Object detection in satellite imagery is a critical component of many complex commercial and government workflows. At Palantir, we’ve worked with customers across a wide variety of use cases to improve the ability of their models to detect relevant context more accurately.

On the commercial front, these models are often a critical component of emergency response coordination to natural disasters. Their ability to detect buildings and assess damage allows for critical services to be delivered faster, whether allowing for better coordination of emergency response crews or aiding insurance companies in quickly processing claims. But this technology is not only useful in crisis — it can also used by financial firms to forecast retailer demand based on the number of vehicles detected in retailer’s parking lots. For government users, the application is straightforward: knowing the position or movement over time of friendly and enemy equipment such as aircrafts, ships and vehicles empowers critical strategic decision making.

For all categories of use cases, determining how best to train object detection models to maximize utility can be a challenge. Below, we unpack the challenges of training accurate models, and publish the findings of our own experiment using two different pre-trained models on the same set of images. We hope that our learnings can aid other users in identifying successful strategies to pre-train their own models more effectively.
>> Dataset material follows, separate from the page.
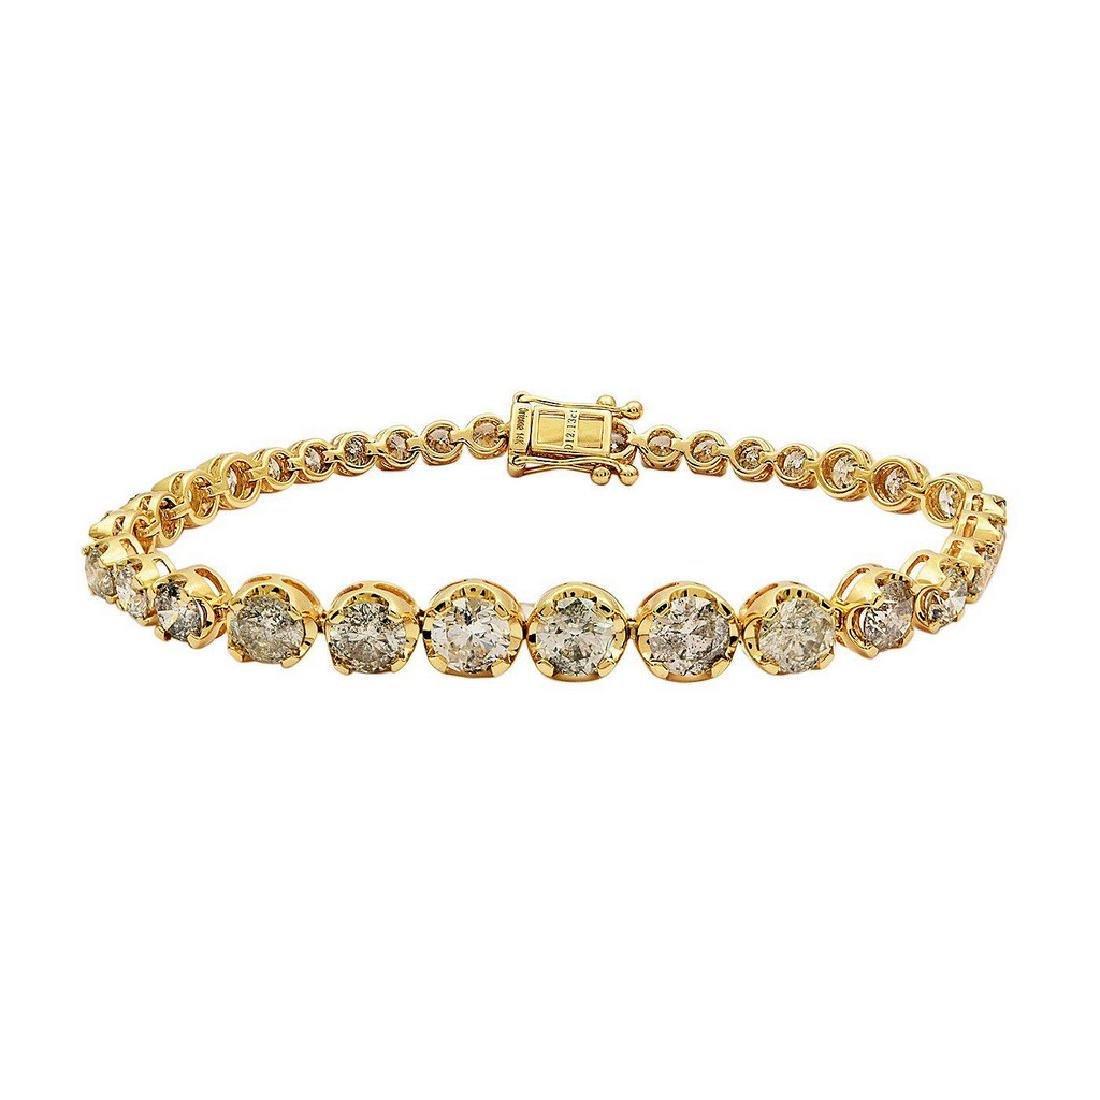 14K Yellow Gold 12.12ctw Diamond Tennis Bracelet

The Challenges of Training Accurate Models

Training accurate object detection models to enable these use cases requires vast amounts of labeled datasets. In the case of satellite imagery, the complexity of this training is even more potent: the images are large, especially in comparison to the small size of the objects we need to detect. Coupled with variations in hardware and image processing software leveraged across the different satellite operators, collecting the perfectly labeled dataset to train a generalizable object detection model is hard. This reality, along with the pressure to enable end-to-end user workflows as quickly as possible, often leads our customers to ask us for help solving a critical question: how can one build the best possible object detection model on a limited training dataset and in a short amount of time?
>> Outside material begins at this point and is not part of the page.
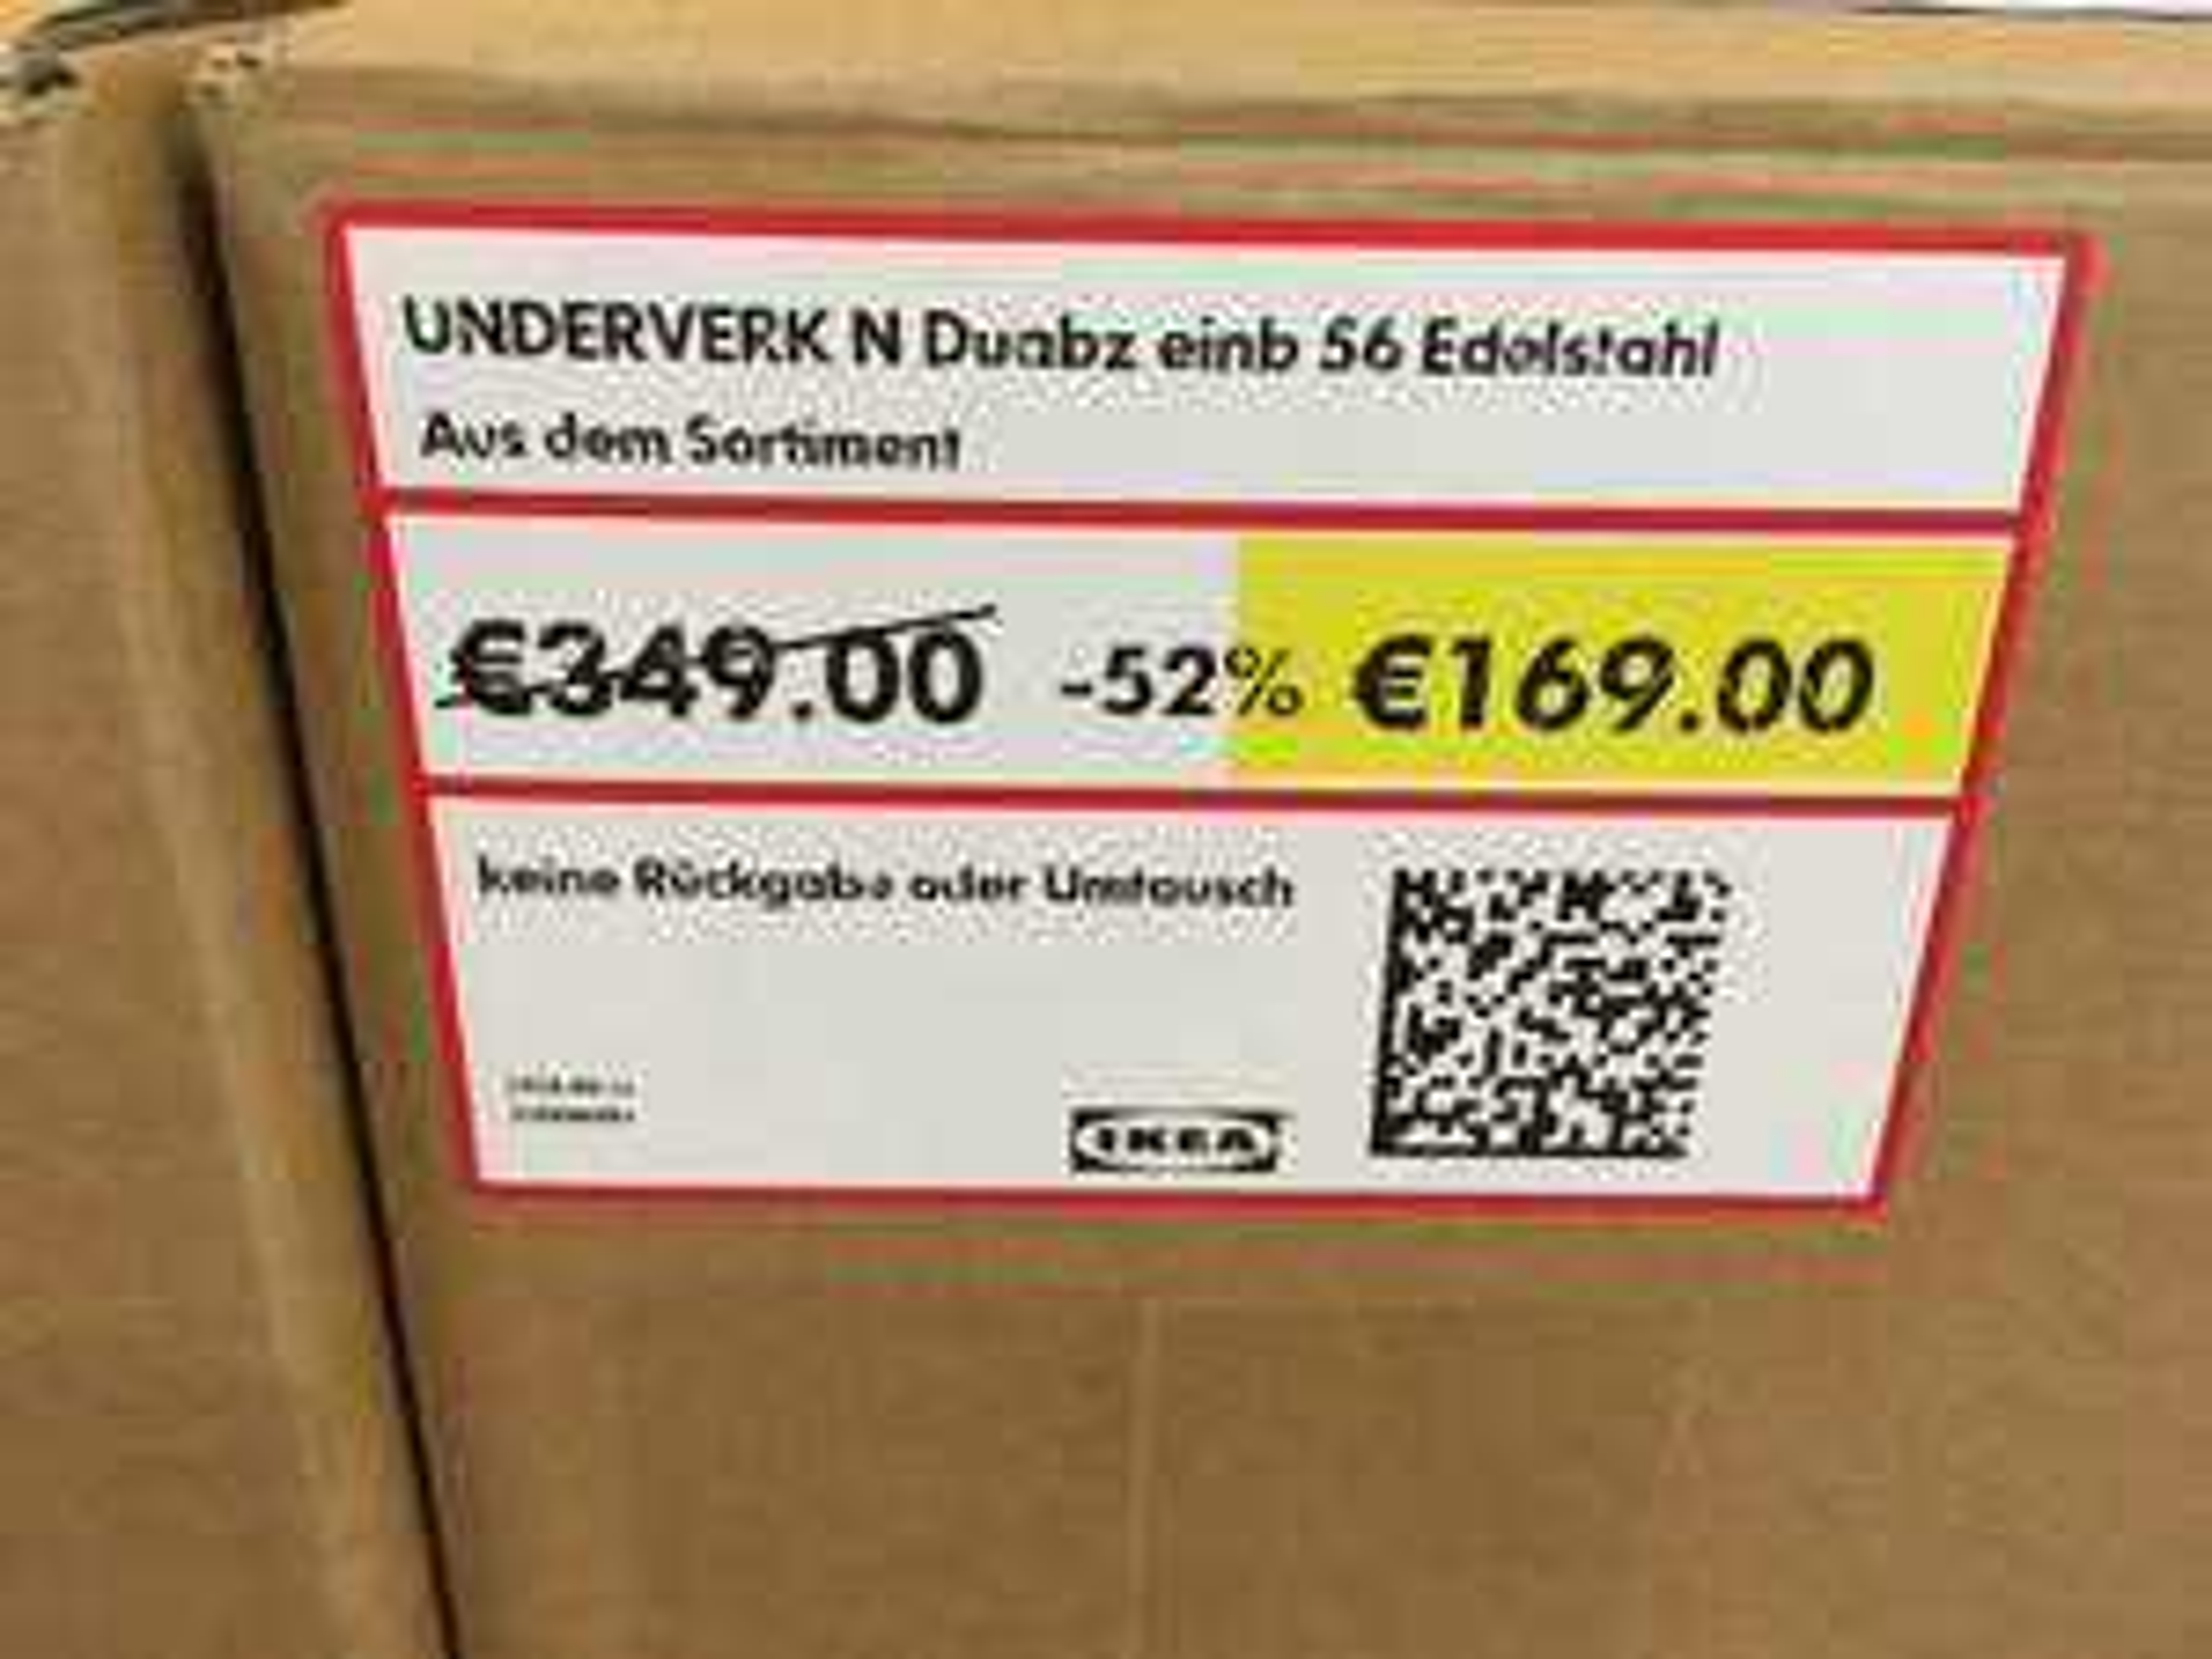 Lokal IKEA HH Moorfleet Underverk Dunstabzug Einbauhaube 56cm

At Palantir, we’ve seen that the best possible results are not often produced by users trying to train an object detection model from scratch on a limited dataset. There are many techniques used to address this problem, the most popular of which is transfer learning. In transfer learning, we first pre-train the object detection model on one or more proxy datasets and then leverage the trained weights to initialize the model when it trains on the actual limited downstream dataset we really care about.
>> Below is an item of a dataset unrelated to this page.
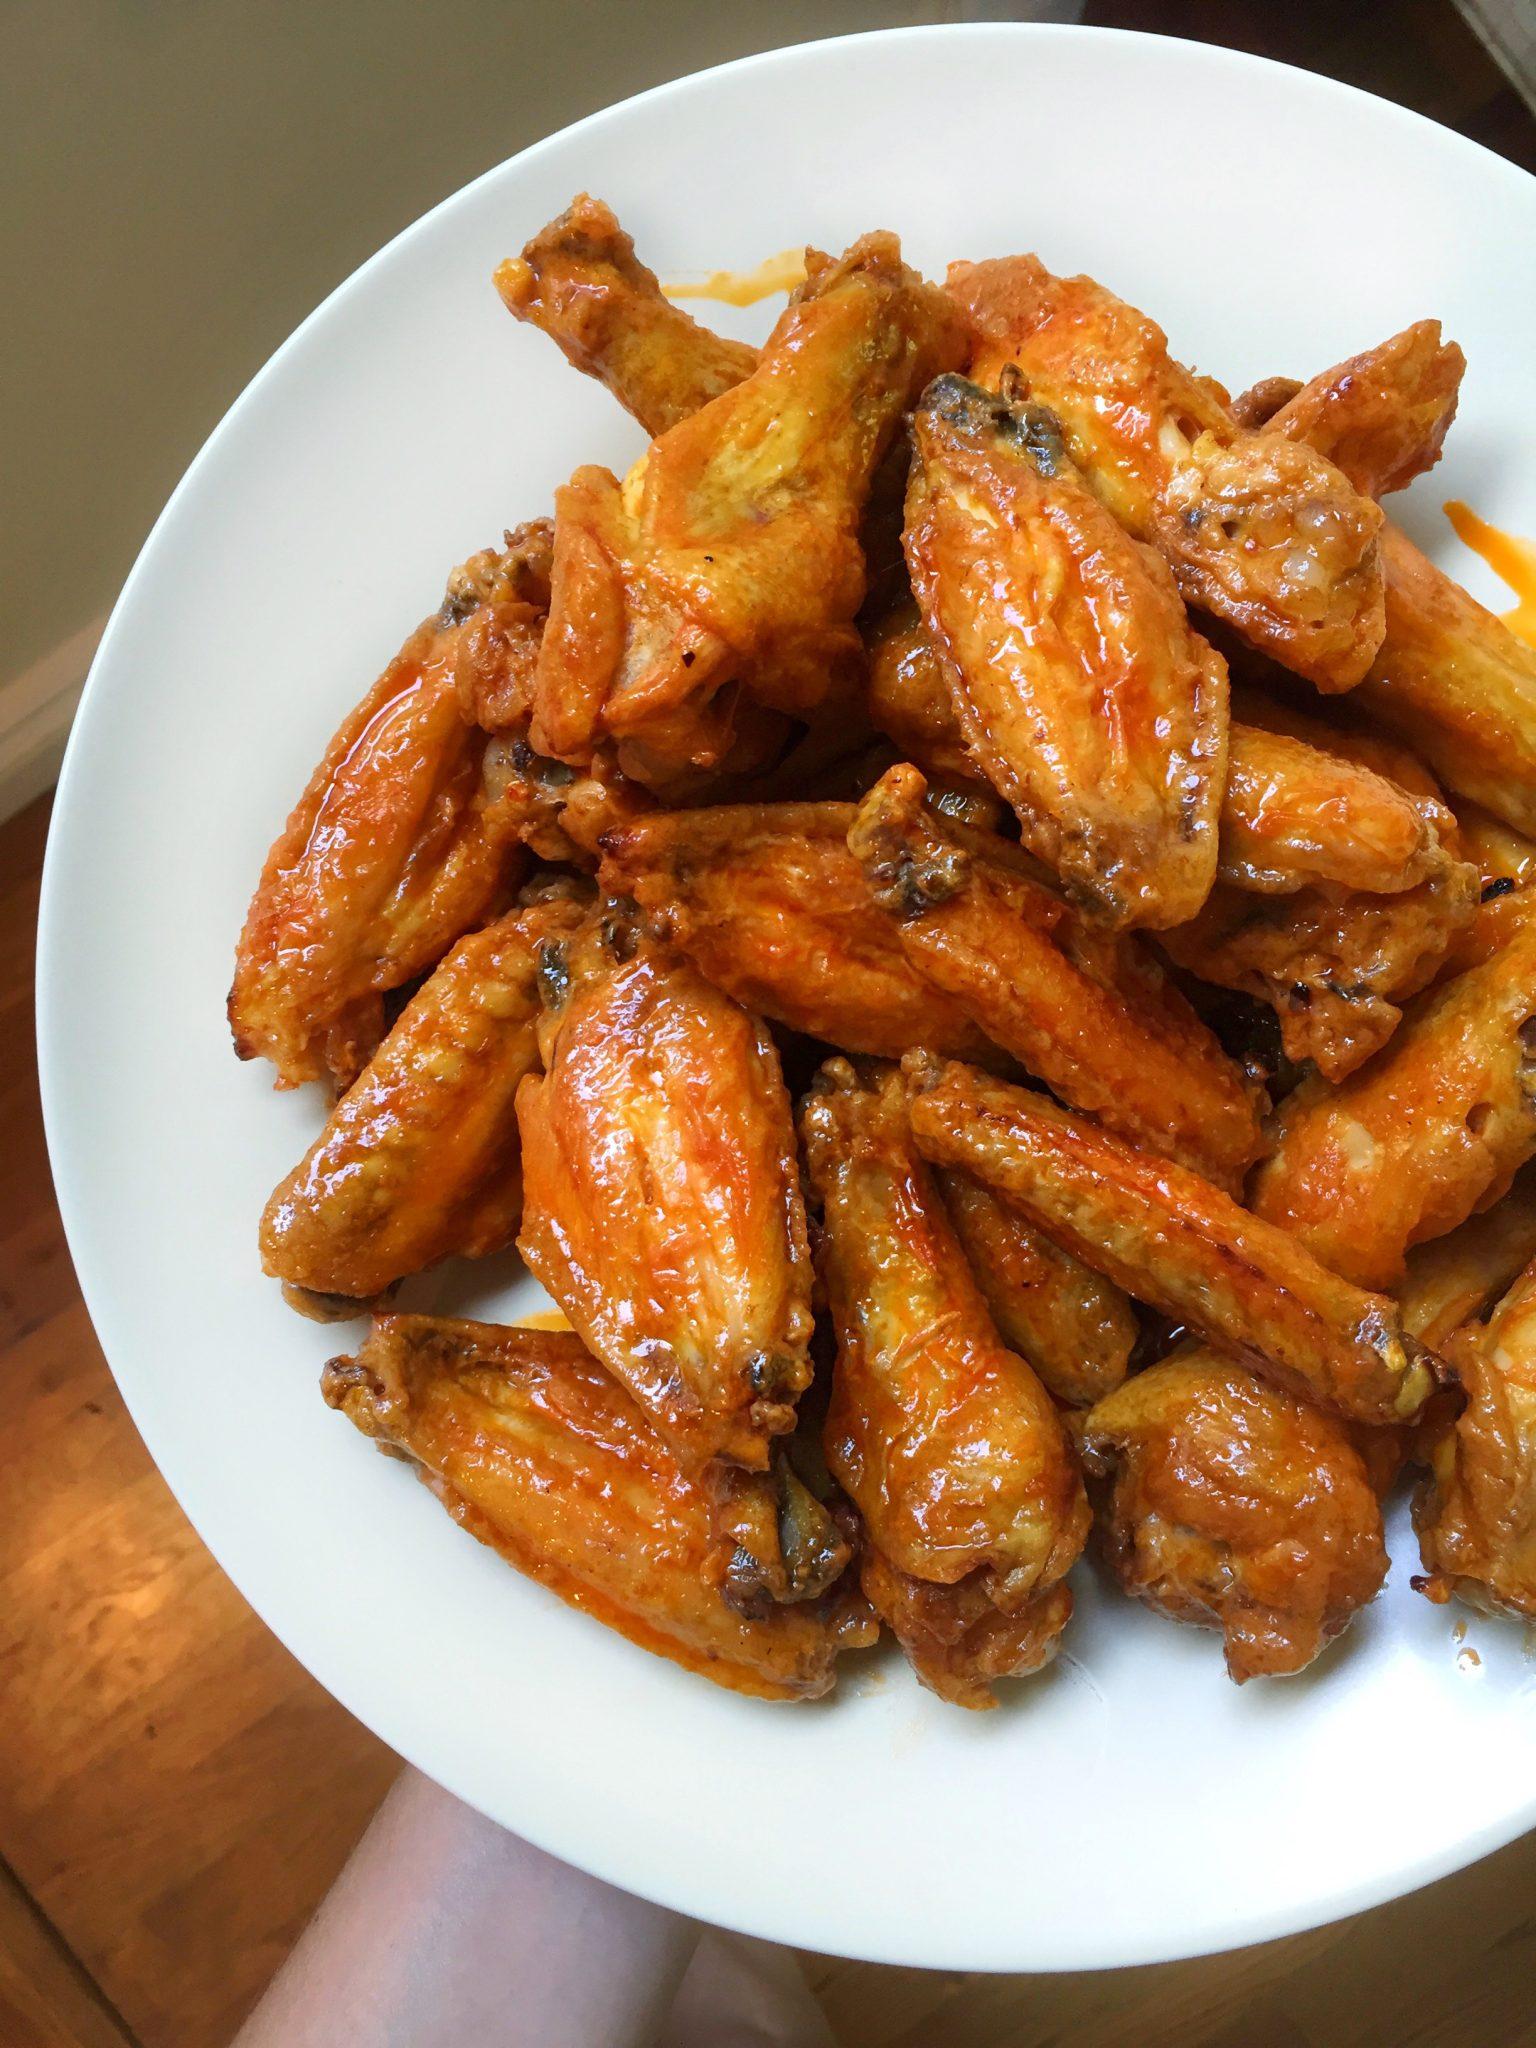 Football Snacks: Boiled & Broiled Buffalo Wings | The Skinny Pig

The most popular pre-training datasets for object detection tasks are ImageNet [1] and COCO [2]. Their popularity stems from the fact that they specifically focus on object detection problems, as well as the wide availability of models pre-trained on these datasets within the academic community. Even though pre-training on ImageNet and COCO datasets can improve model accuracy on downstream datasets, additional boosts to performance can be realized if models are further pre-trained on datasets that are similar to the downstream task. In general, the more similar the pre-training dataset is to the downstream dataset we care about, the higher the accuracy lift we can expect from pre-training. For instance, when considering the problem of object detection in satellite imagery, ImageNet and/or COCO pre-training might not be enough as these datasets are very different than a typical satellite object detection dataset (i.e., size of objects, types of objects, image background characteristics and more). In these cases, pre-training on open-source satellite object detection datasets would be necessary to further improve the performance of the final model.

In this blog, we quantify the impact of pre-training on the DOTA 2 dataset [3], an open-source aerial imagery dataset for object detection, on the quality of a commercial satellite object detection model Palantir trained on a smaller labeled dataset. We’re publishing our results here in hopes that they can be used by the wider academic community looking to address similar challenges.

Building our Own Dataset

In order to demonstrate the efficacy of transfer learning for object detection, Palantir has built a labeled dataset for object detection in satellite imagery. The dataset is comprised of EO Satellite imagery from two satellite providers and its detailed characteristics can be seen in Table 1. The training dataset includes approximately 7.5k images (1000×1000 pixels each) sourced from two different commercial satellite providers. In total, we have annotated approximately 130k objects of interest in these images focusing on 3 main classes: vehicles, aircrafts (including helicopters) and ships.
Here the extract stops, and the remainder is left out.